##### Entries provided

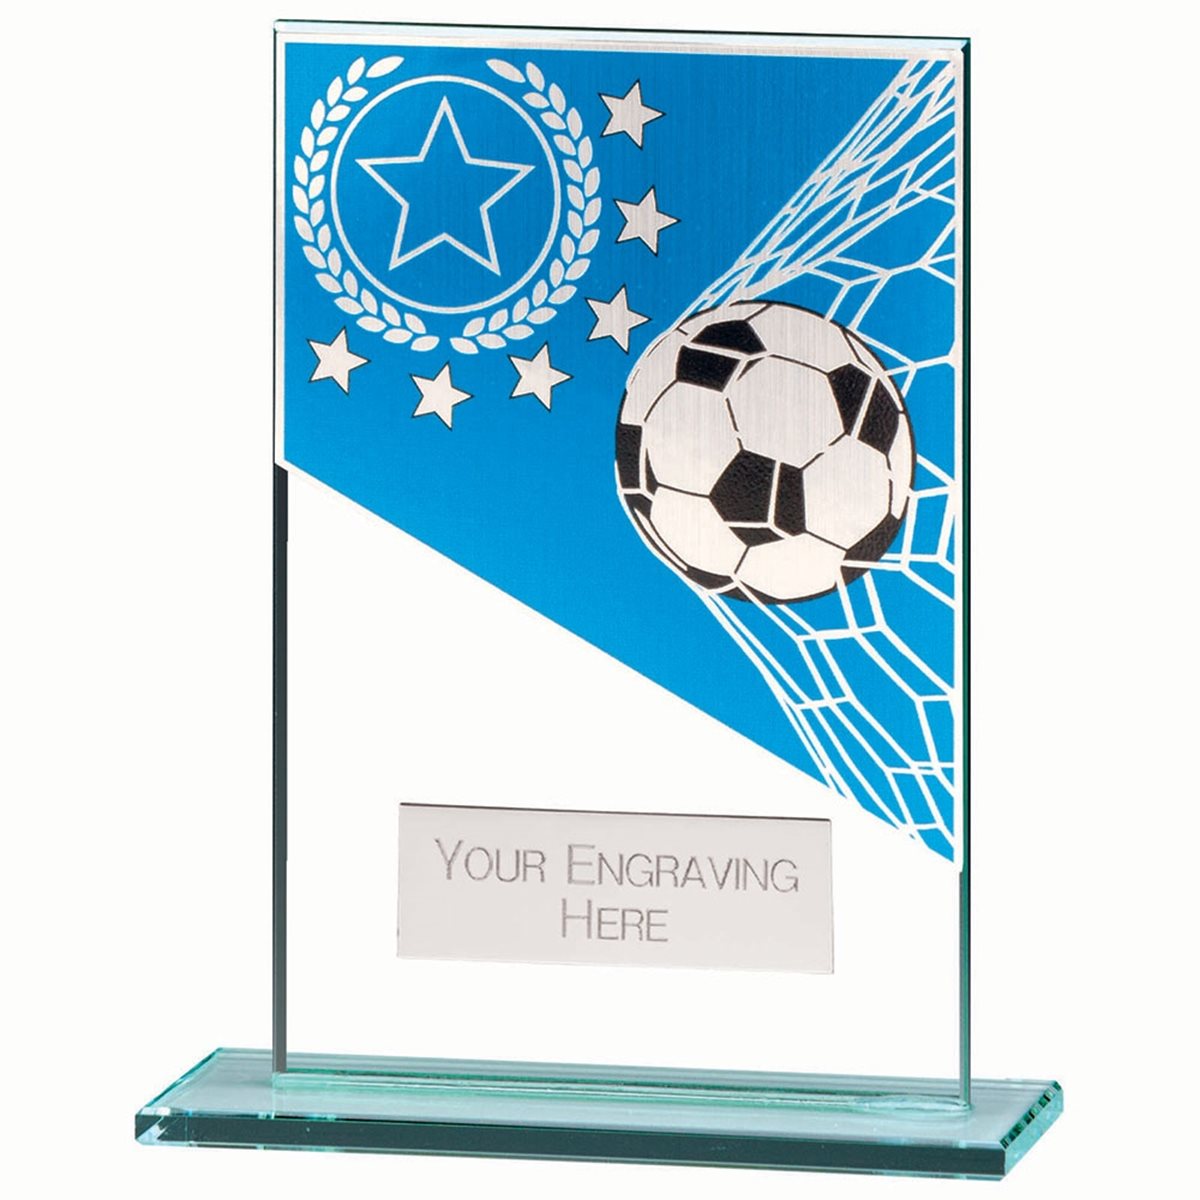 Mustang Blue & Silver Glass Football Award CR22289 (5mm thick)
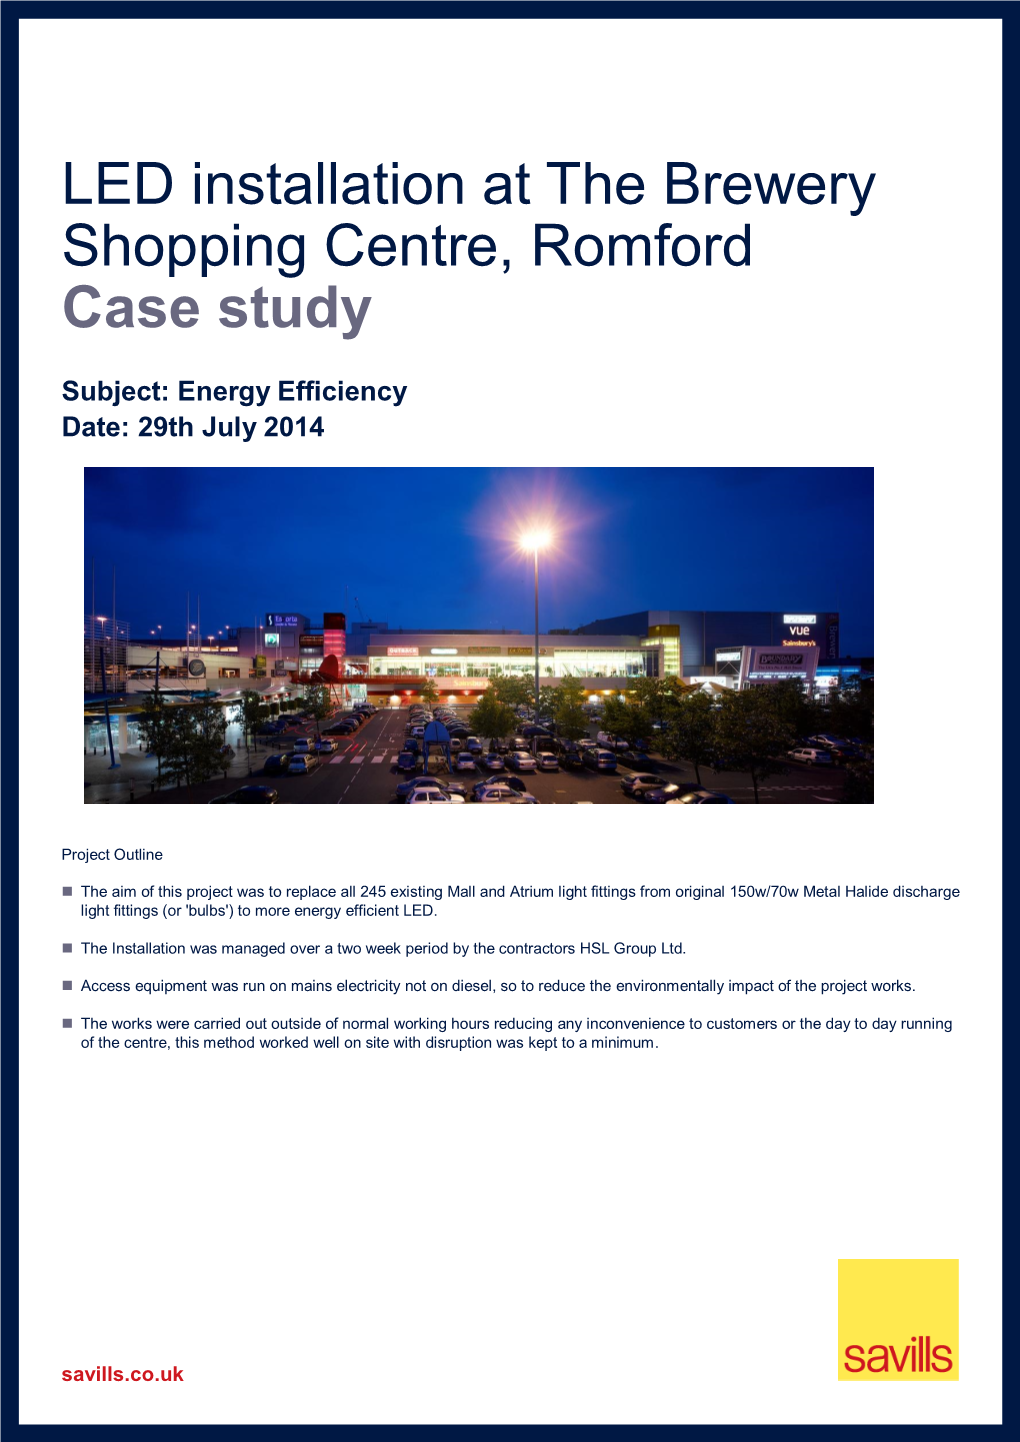 LED Installation at the Brewery Shopping Centre, Romford Case Study
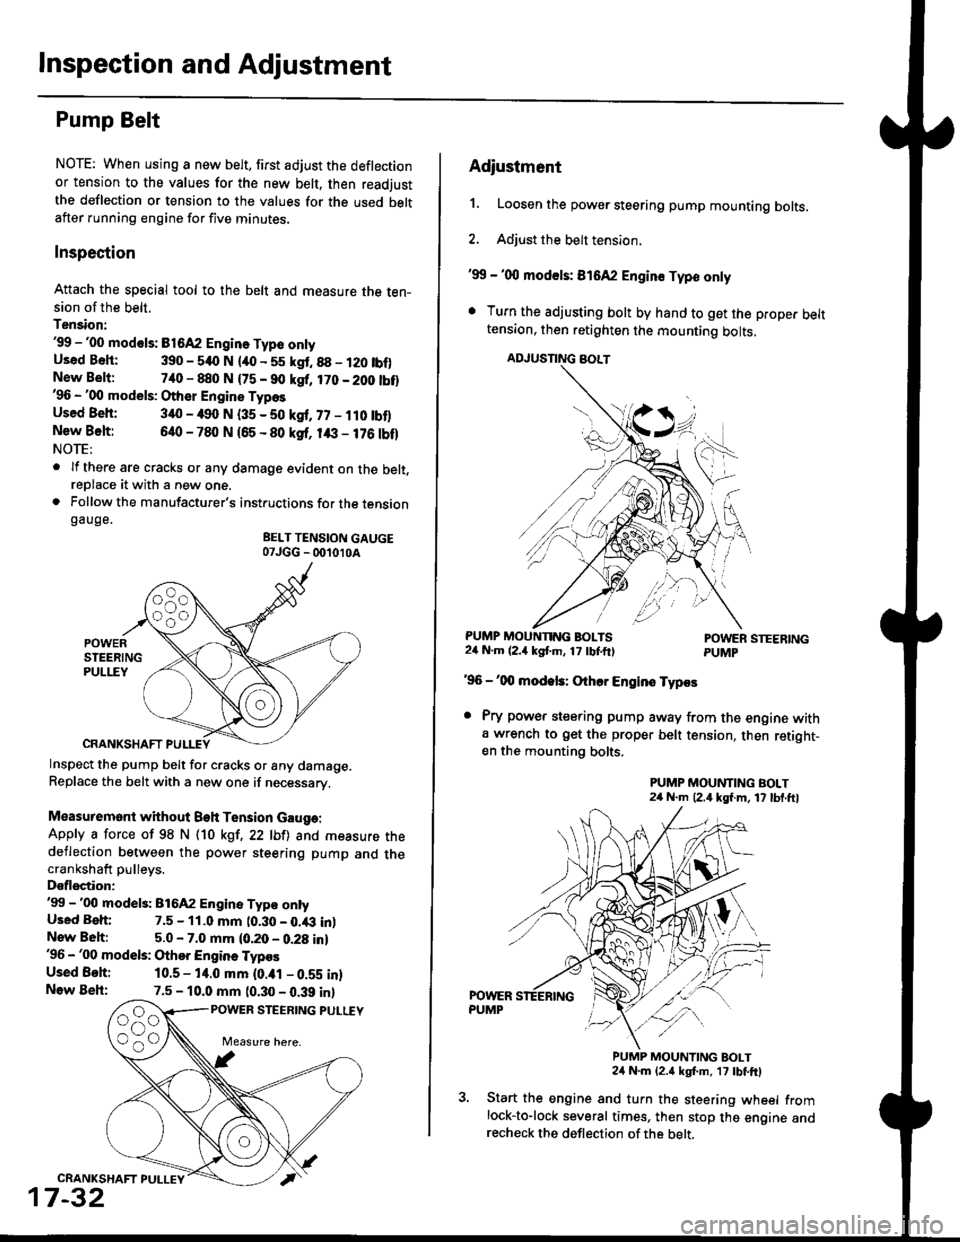 HONDA CIVIC 1998 6.G Workshop Manual Inspection and Adjustment
Pump Belt
NOTE: When using a new belt, first adjust the deflection
or tension to the values for the new belt, then readjust
the deflection or tension to the values for the us

##########

> Problem to solve
Copy exactly the lines from the one containing "NOTE: When using" through the last line of the records, both included, and nothing else.

> Task solution
NOTE: When using a new belt, first adjust the deflection
or tension to the values for the new belt, then readjust
the deflection or tension to the values for the us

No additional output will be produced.